The combination of sirolimus and doxorubicin (chemotherapy drug used for different types of cancer like breast cancer, bladder cancer, lymphoma) has shown to diminish the AKT(protein B-kinase, which plays an essential role in cell proliferation, apoptosis) lymphoma, as sirolimus inhibits Akt signalling pathway and making the cell sensitive to the chemotherapy.
Other therapeutic effects
It is observed that Rapamycin can alleviate Graft-versus-host disease (GVHD) by increasing the regulatory T-cell proliferation, cytotoxic T-cell inhibition, and hindering the differentiation of effector T cells.
The lymphatic malformation is a superficial or deep, or mixed growth of the lymphatic vessels, where the treatment is either removing or destroying, but the chances of recurrence are high. A study showed that the application of topical Rapamycin could help in managing superficial lymphatic malformations.
As Rapamycin has immunosuppressive properties, it is recommended to treat SARS-Covid 19 infected patients to prevent or reduce the cytokine storm seen in severe cases; it has also diminished viral replication by inhibiting cell proliferation.

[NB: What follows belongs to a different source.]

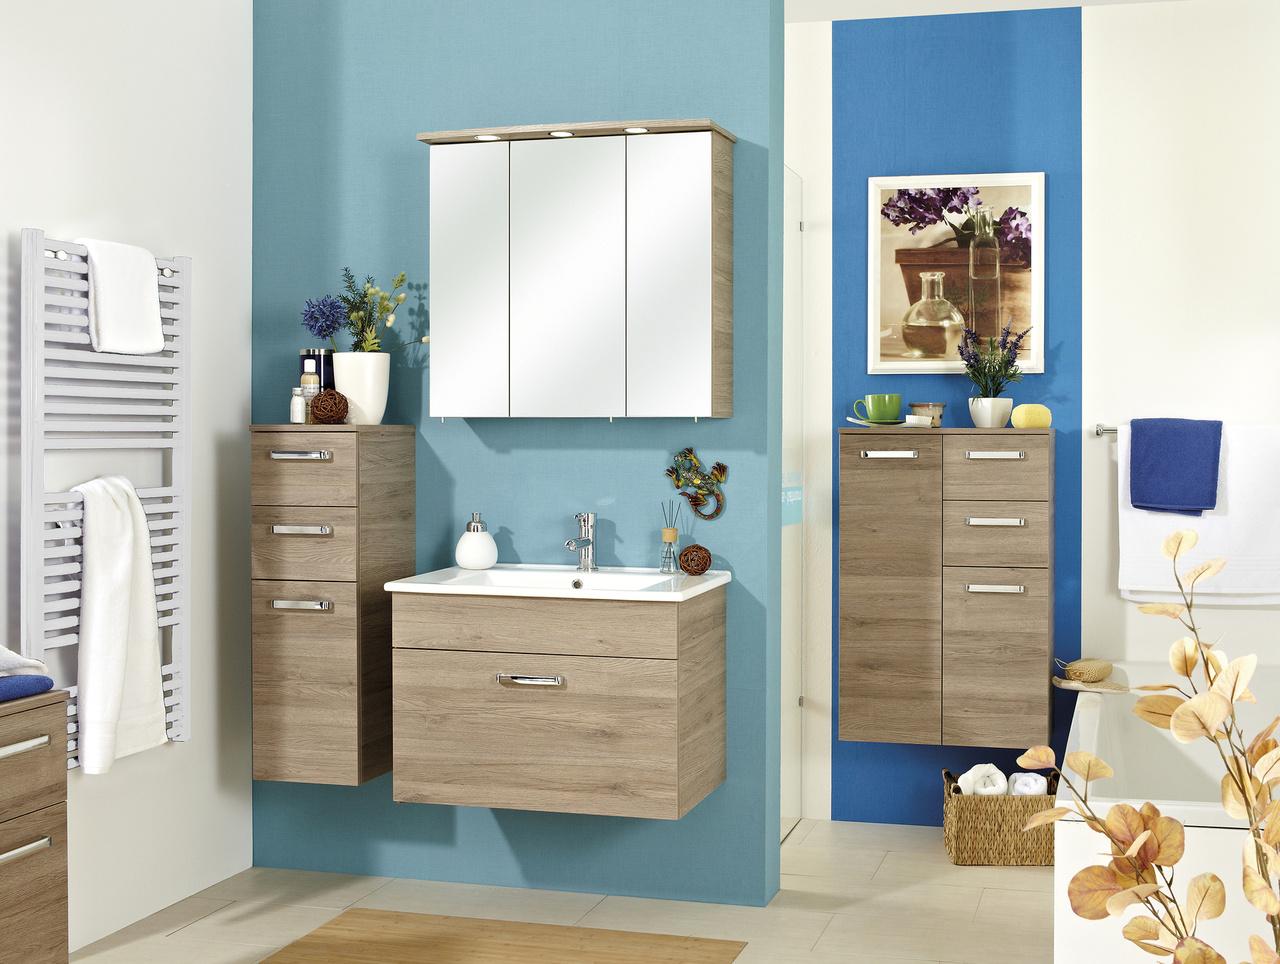 313 OFFENBACH - QuickSet - Bathroom furniture - Brands furniture by ...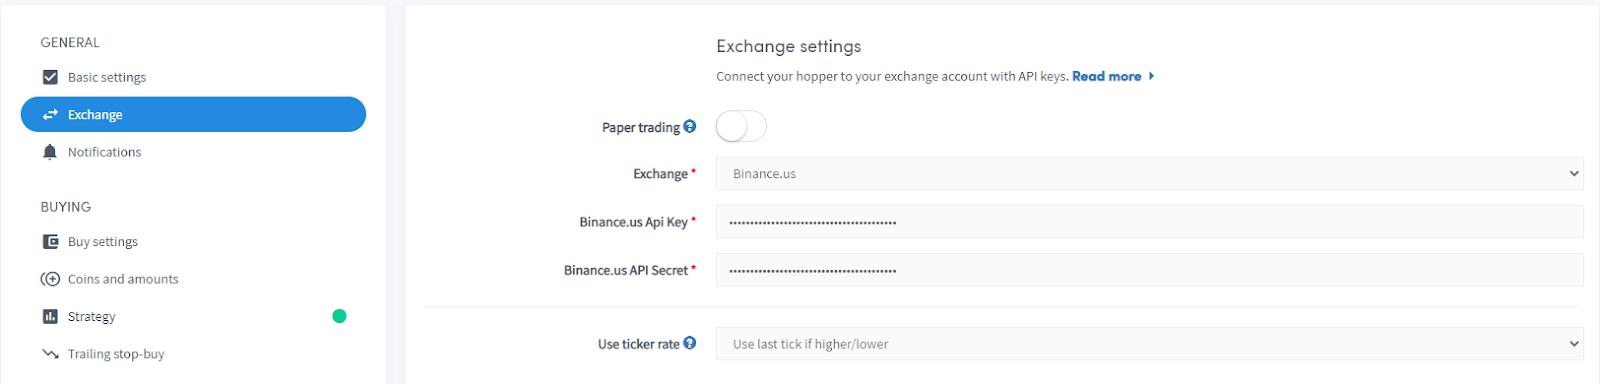 Binance CZ US exchange pro Automated automatic trading bot platform crypto cryptocurrencies Cryptohopper bitcoin ethereum

Side effects and Risk factors
Common side effects are diarrhoea, Constipation, Nausea, Vomiting, Stomach pain, joint pain, shaking, Acne, skin rash, Headache, trouble sleeping.
Some severe side effects may be seen; if any serious effects are observed, it is advised to tell your doctor; some of them may include muscle pain or cramps, bone pain, increased thirst or hunger, frequent urination, vision changes, hearing problems like hearing loss or ringing in the ears, unusual tiredness or weakness, fast/slow/irregular heartbeat, easy bruising or bleeding, mental/mood changes, swelling ankles or feet, severe Headache, Dizziness, stomach or abdominal pain, missed/heavy/painful periods.
Individuals on other medications are advised to check with the doctor before administering Rapamycin as some medicines/supplements can interact with Rapamycin.
It is generally advised to avoid Rapamycin during pregnancy and breastfeeding. Some studies showed that Rapamycin could pass into breast milk.